→ **What you should do**
Without the pictures, can you quote each line below exactly?

→ **Data**

=== Section Start ===

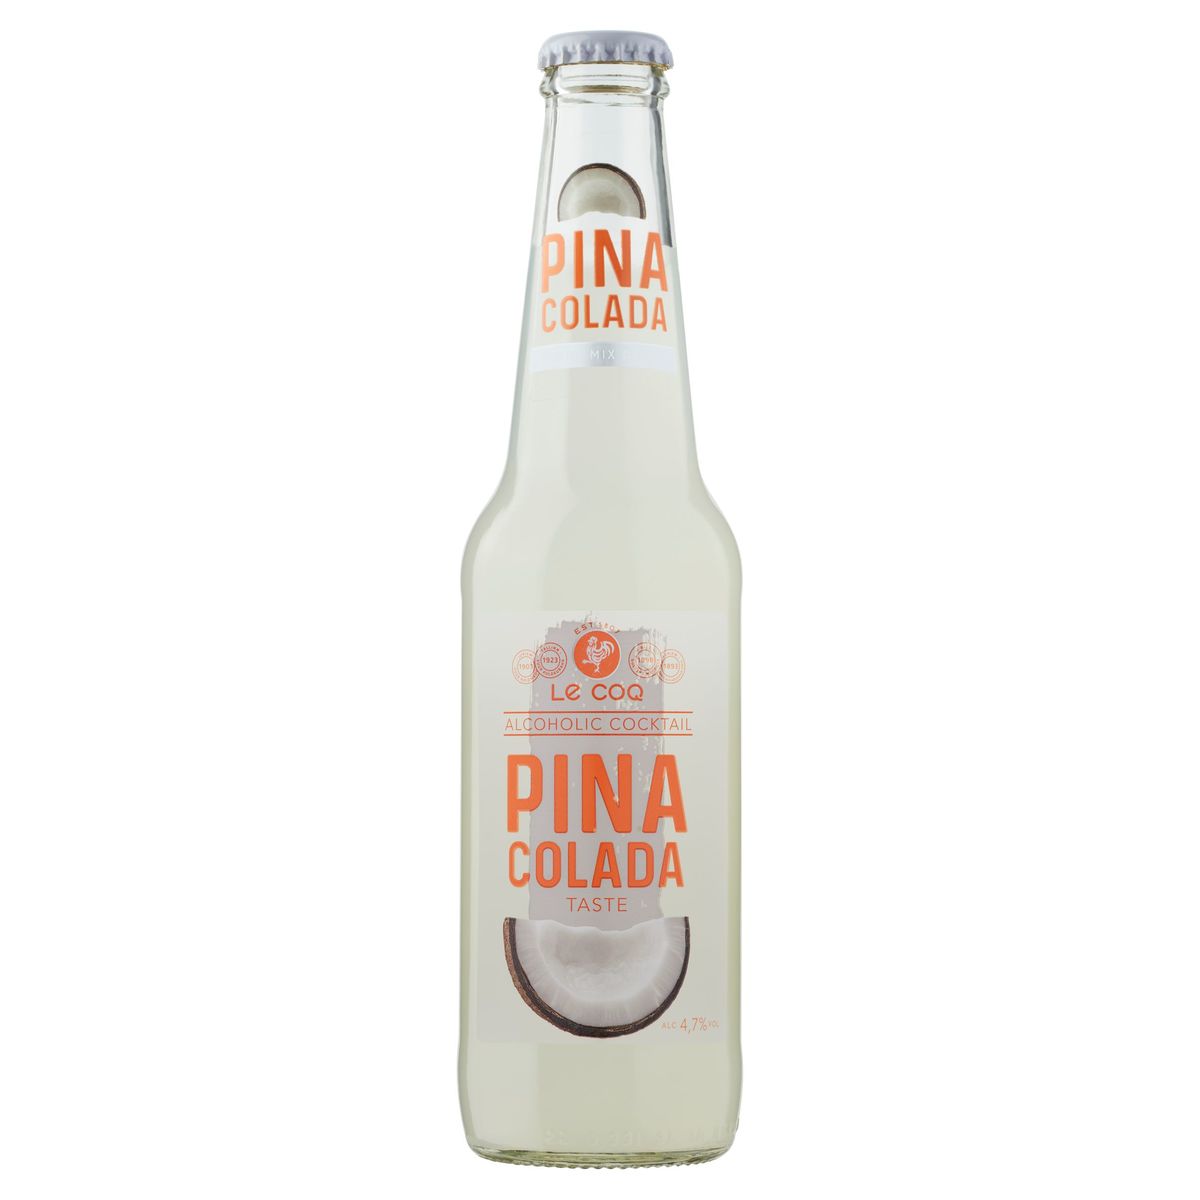 Le Coq Alcoholic Cocktail Pina Colada Taste 330 ml
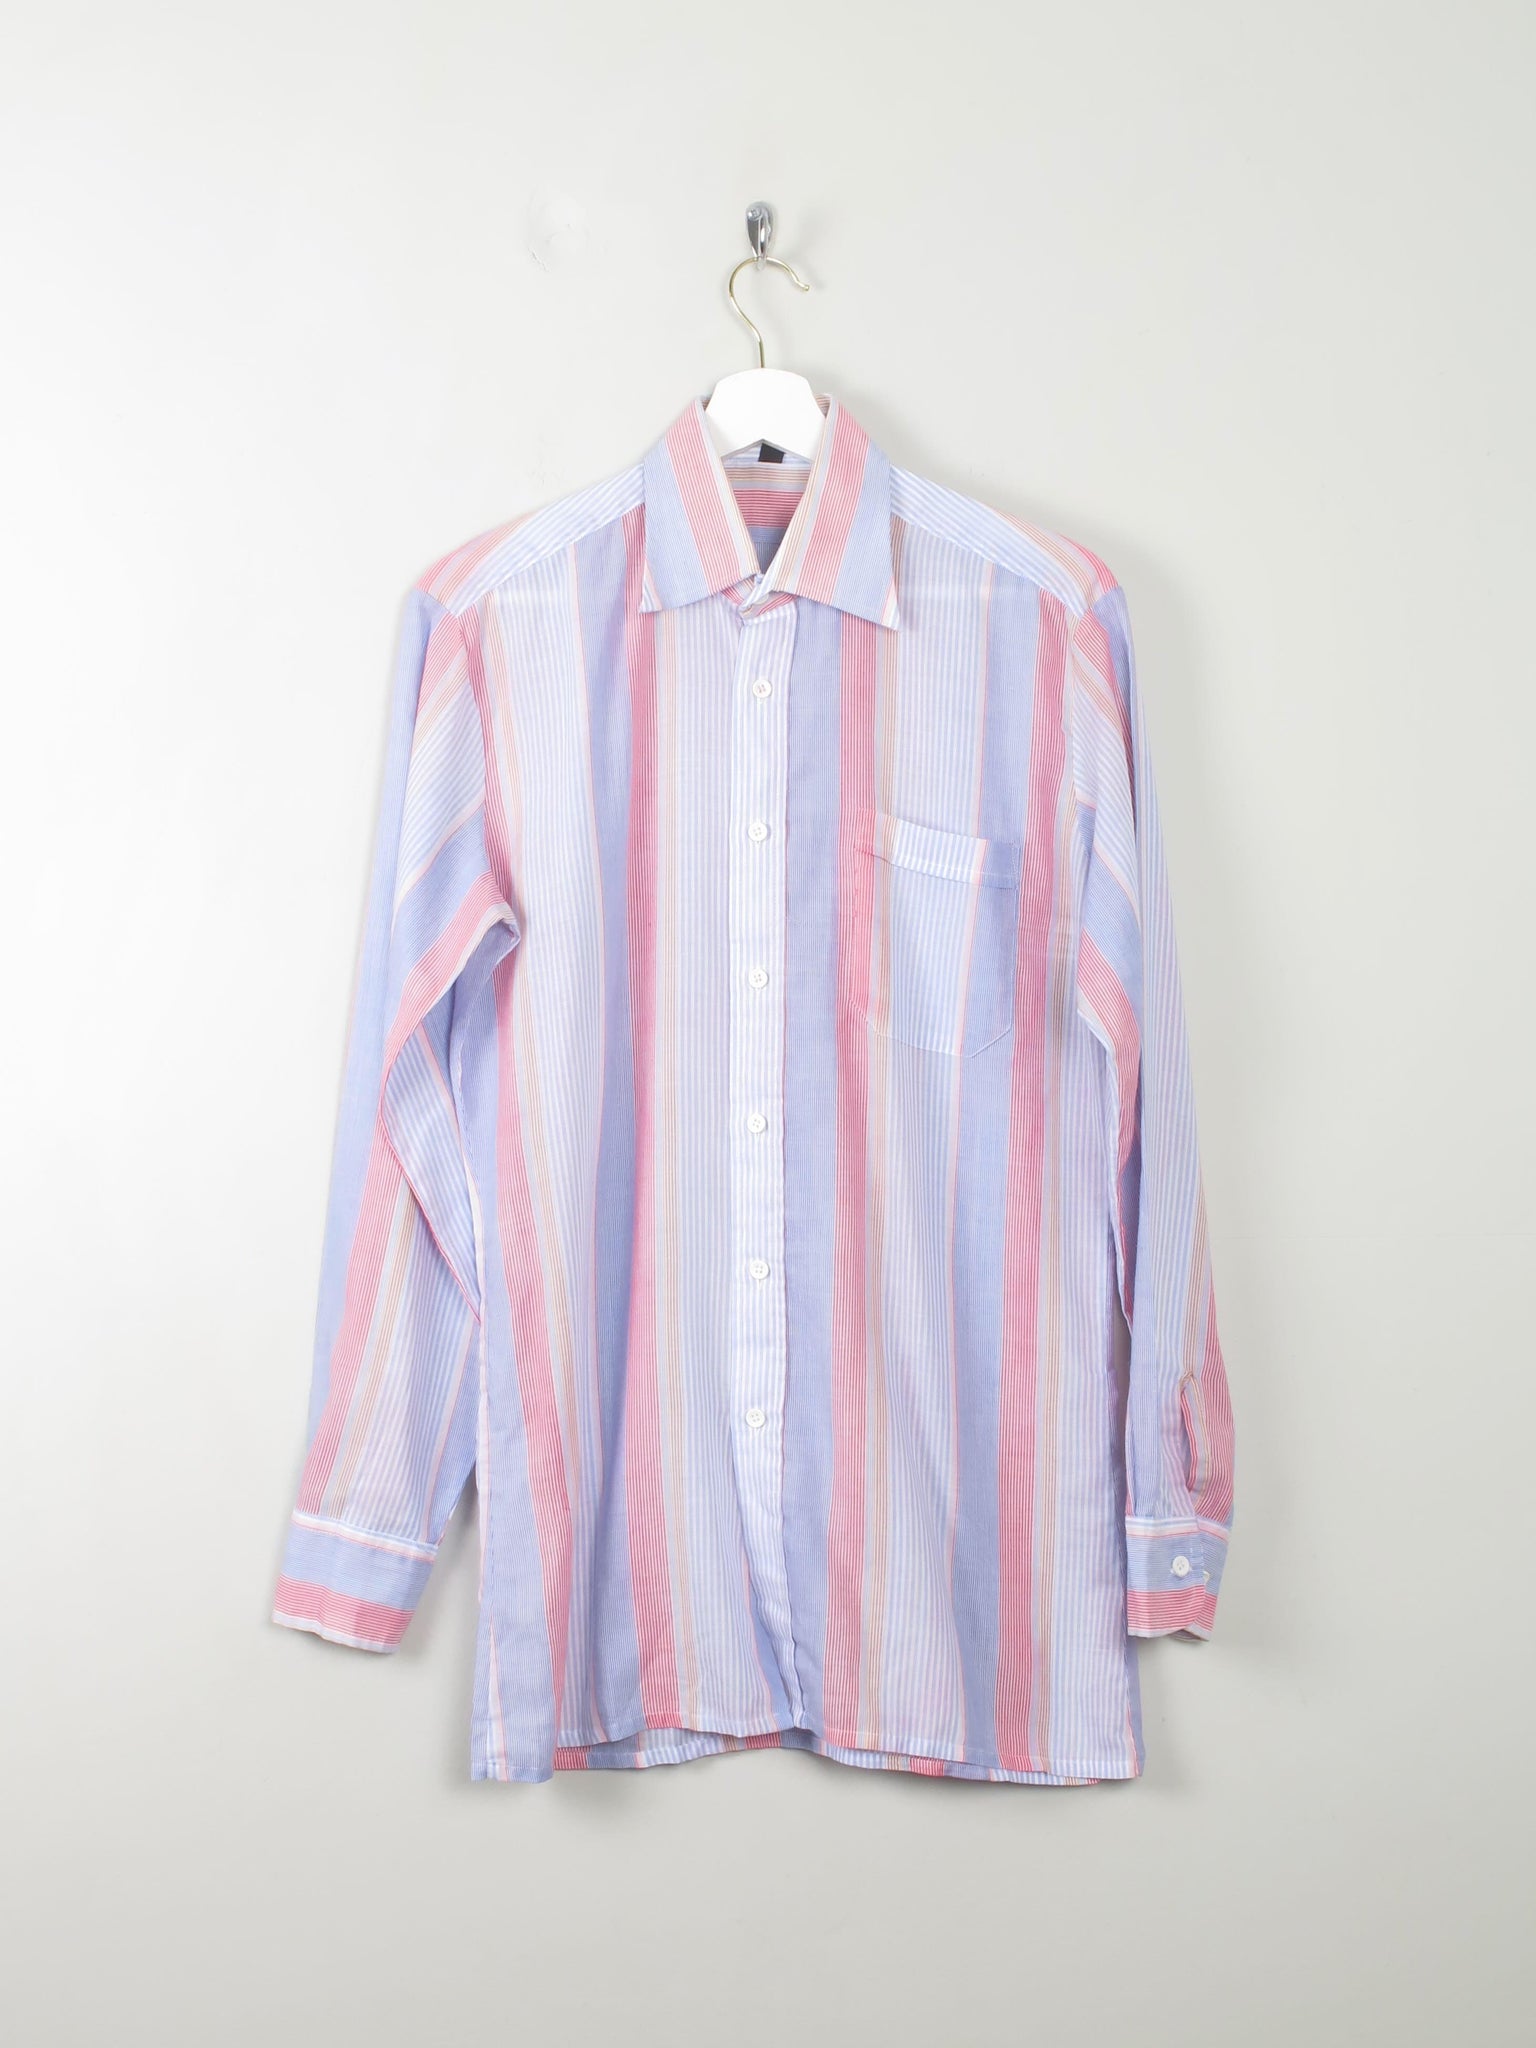 Men's Vintage Striped Shirt S - The Harlequin
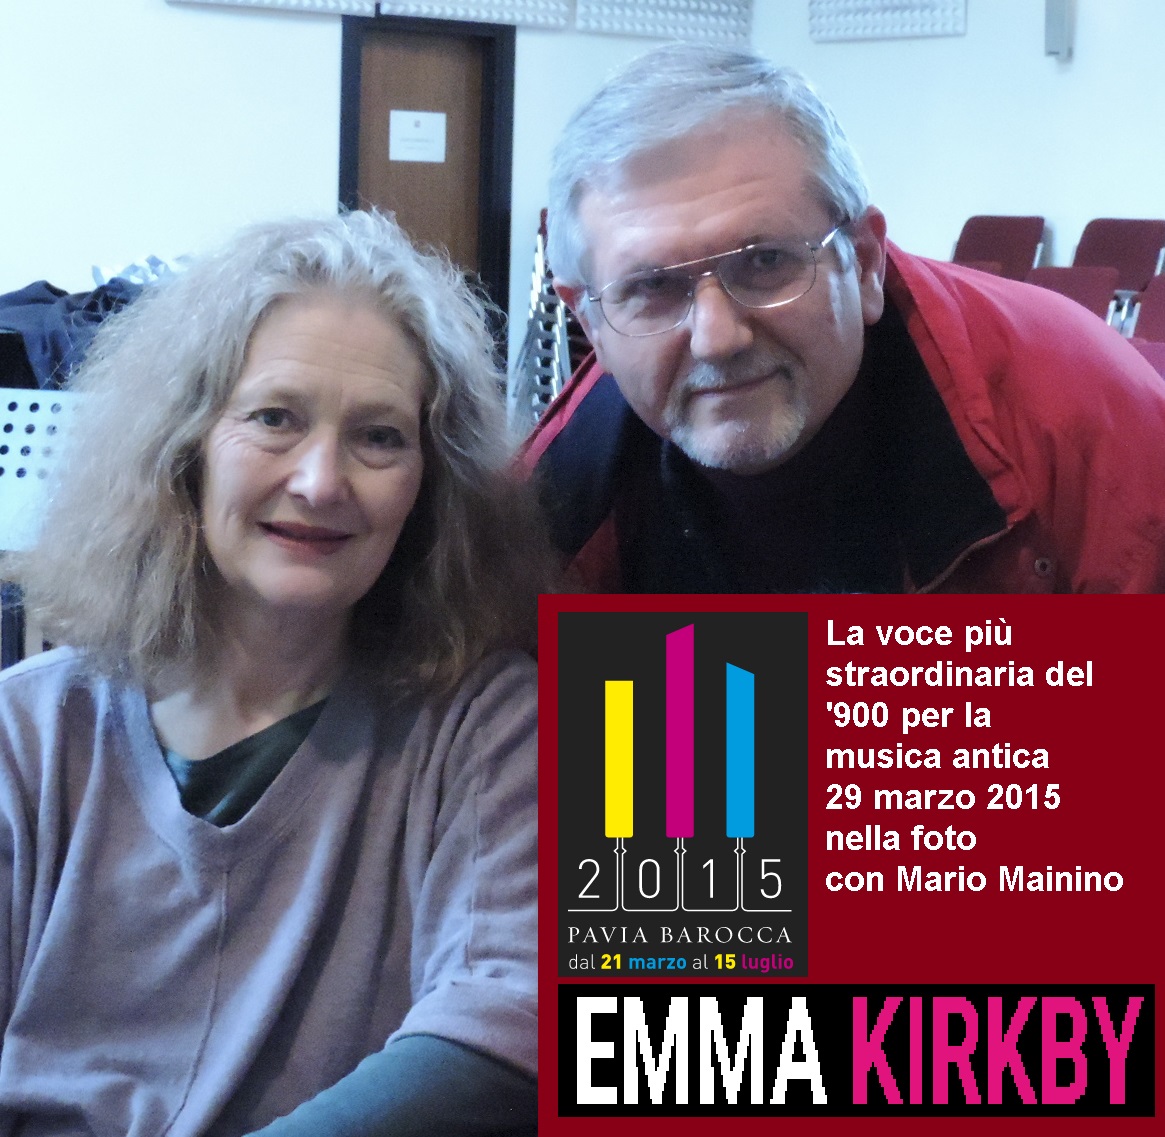 Nella foto Emma kirkby con Mario Mainino

=== Section End ===

→ **Completed exercise**
 Le Coq Alcoholic Cocktail Pina Colada Taste 330 ml
 Men's Vintage Striped Shirt S - The Harlequin
 Nella foto Emma kirkby con Mario Mainino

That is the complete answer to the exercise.